— Work to be completed —
Print only what runs from the line that includes "lenox holiday vase" to the end of the listing, word for word, and do not include any pictures.

━━ Source material

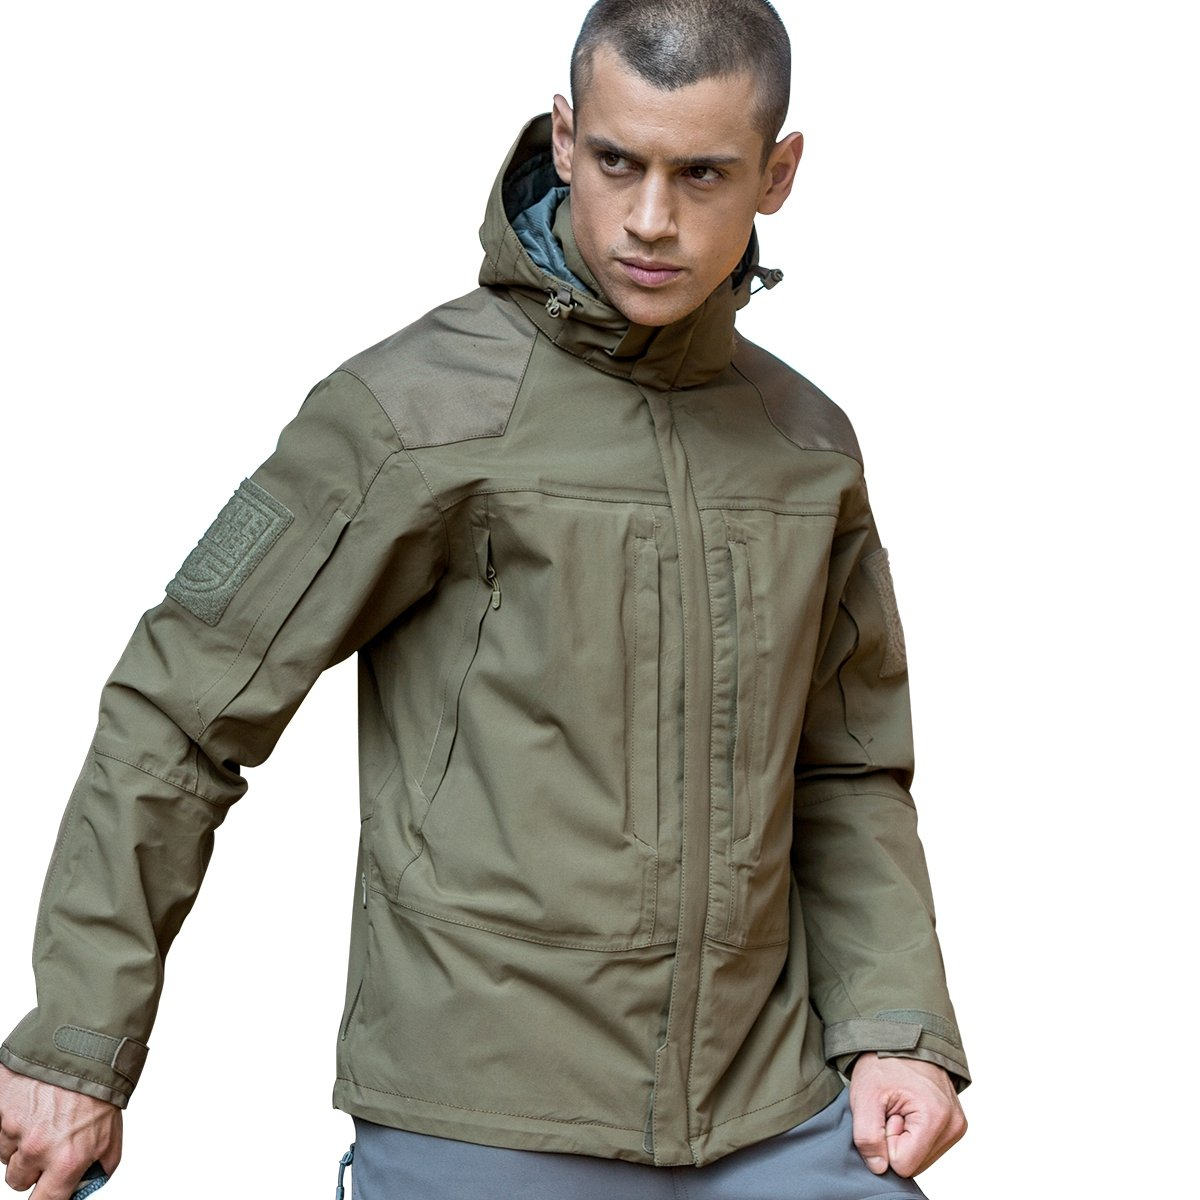 Free Soldierアウトドアメンズジャケット防水性通気性暖かいタクティカルジャケットフリースコート B01M66GKXT Medium|泥 泥 Medium
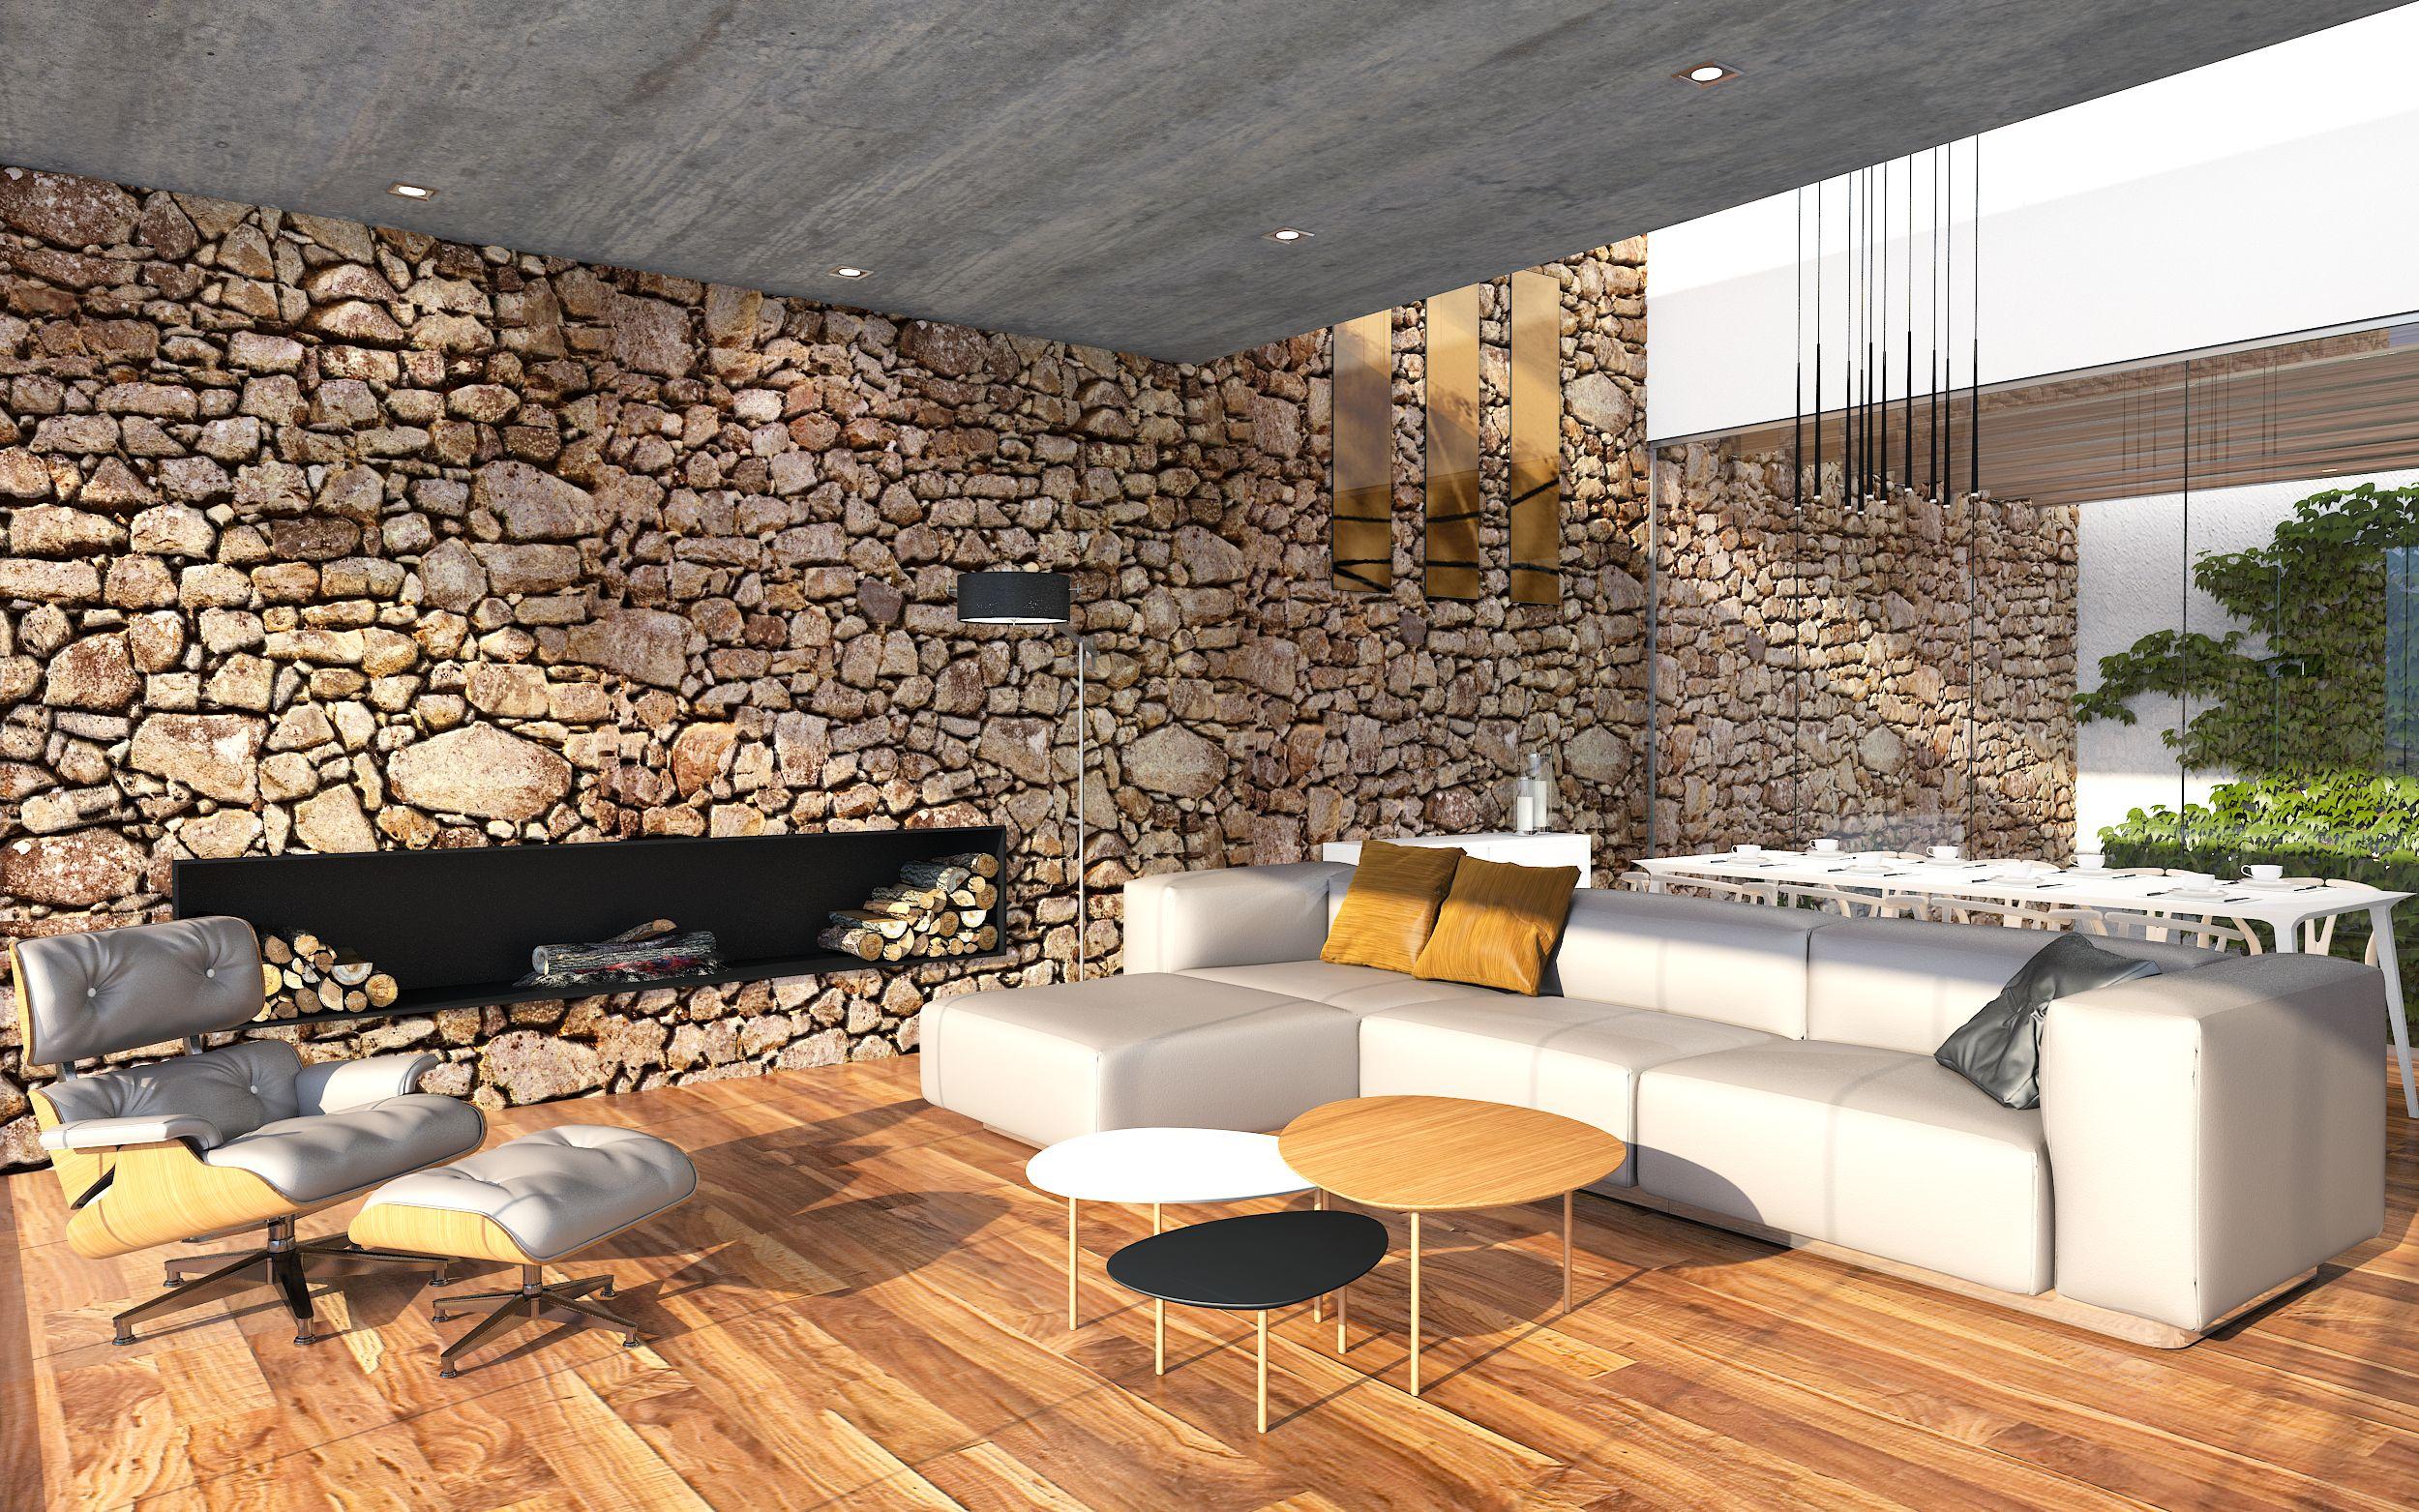 EZAR-Arquitectura-Diseño-DOM3-PRIZE-2016-urbania_international-marbella-ARCADIA_08
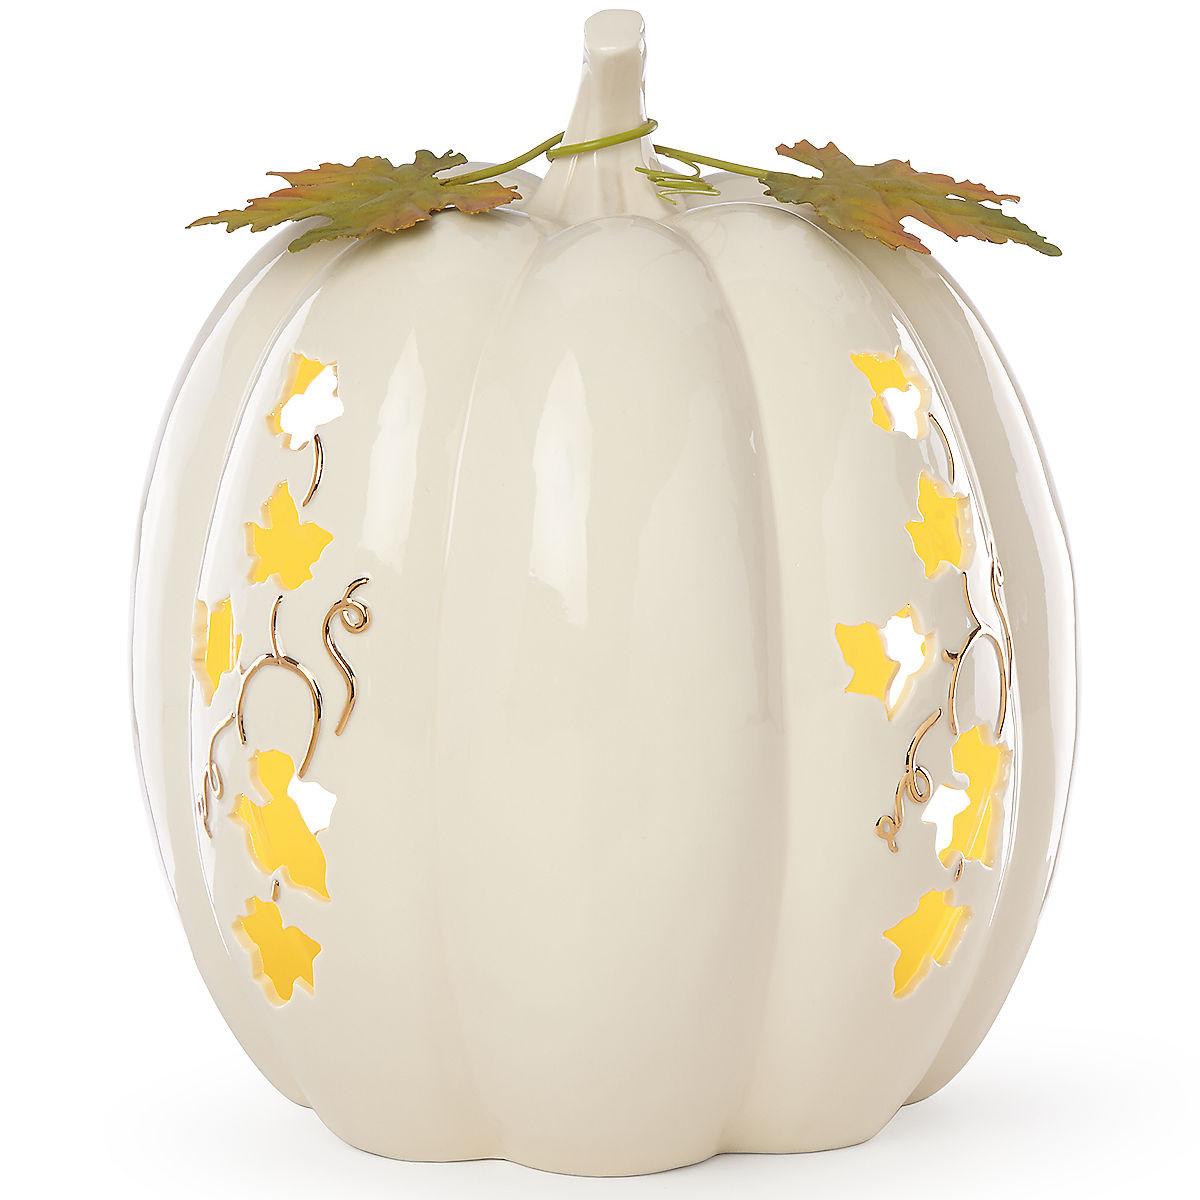 lenox holiday vase of lighted pumpkin large centerpiece harvest intended for lighted pumpkin large centerpiece
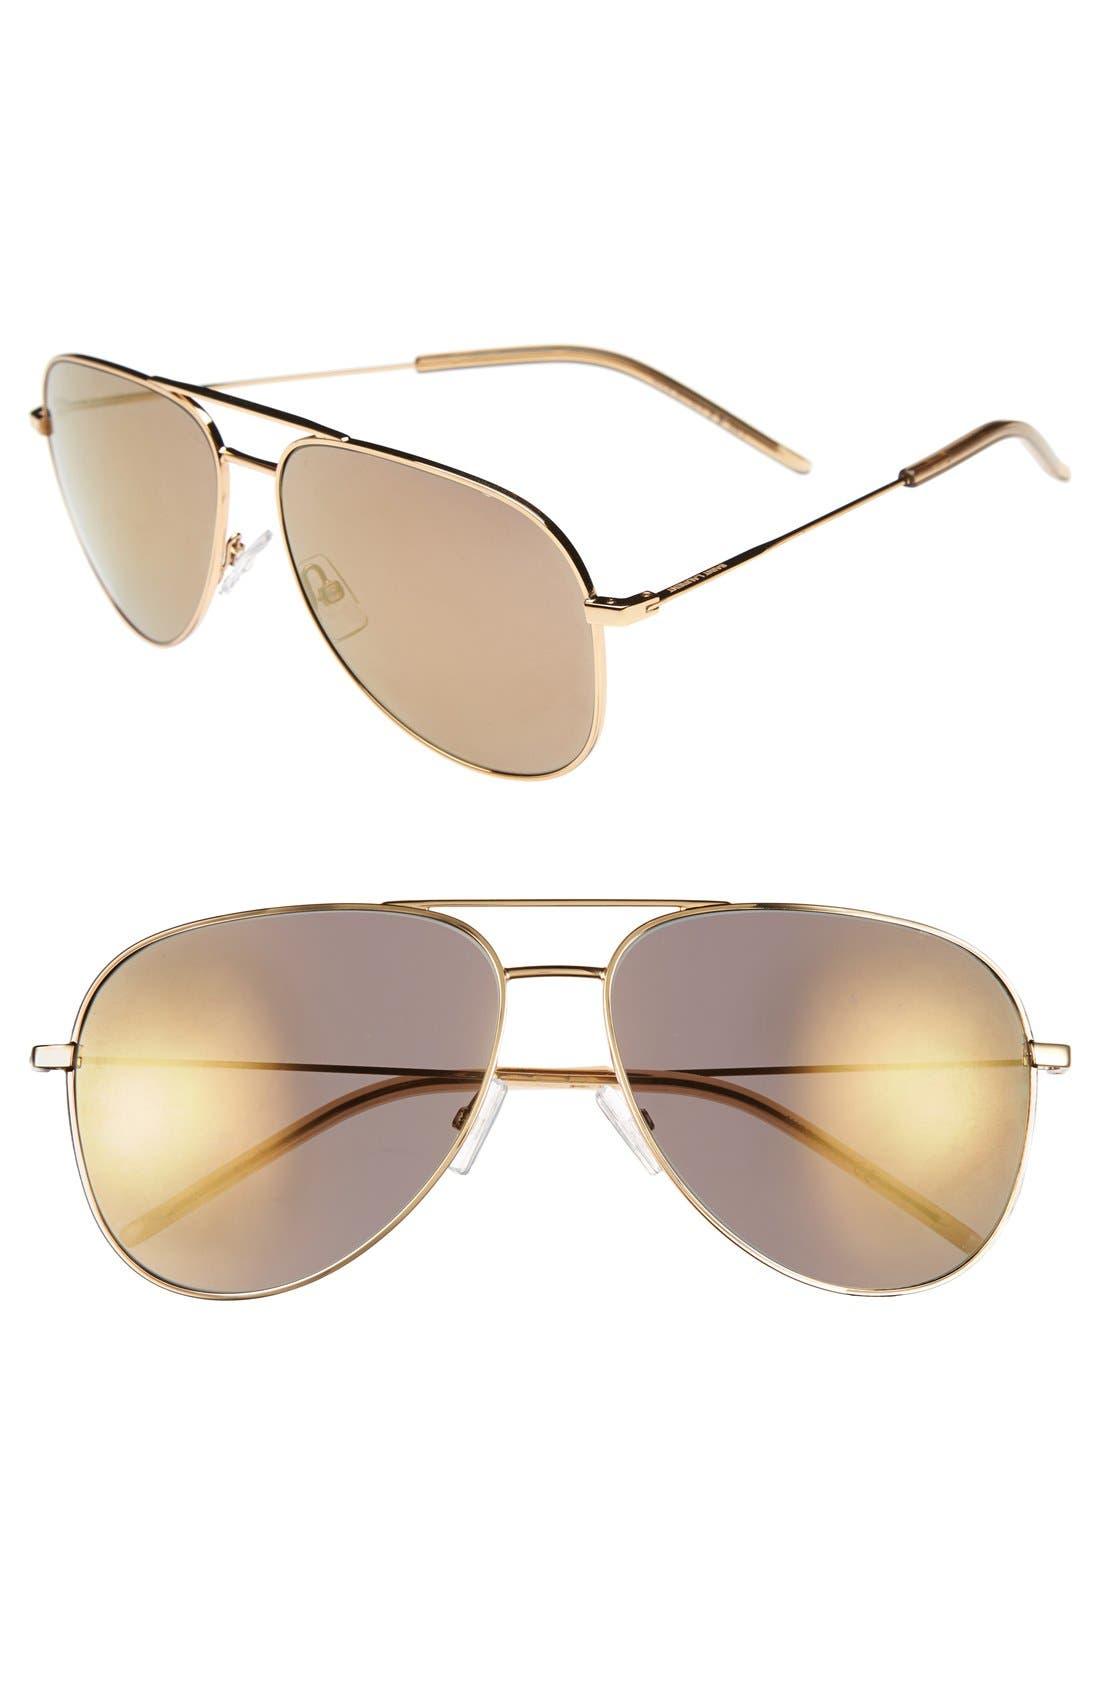 Alternate Image 1 Selected - Saint Laurent 59mm Aviator Sunglasses

━━━━

— Written solution —
 lenox holiday vase of lighted pumpkin large centerpiece harvest intended for lighted pumpkin large centerpiece
 Alternate Image 1 Selected - Saint Laurent 59mm Aviator Sunglasses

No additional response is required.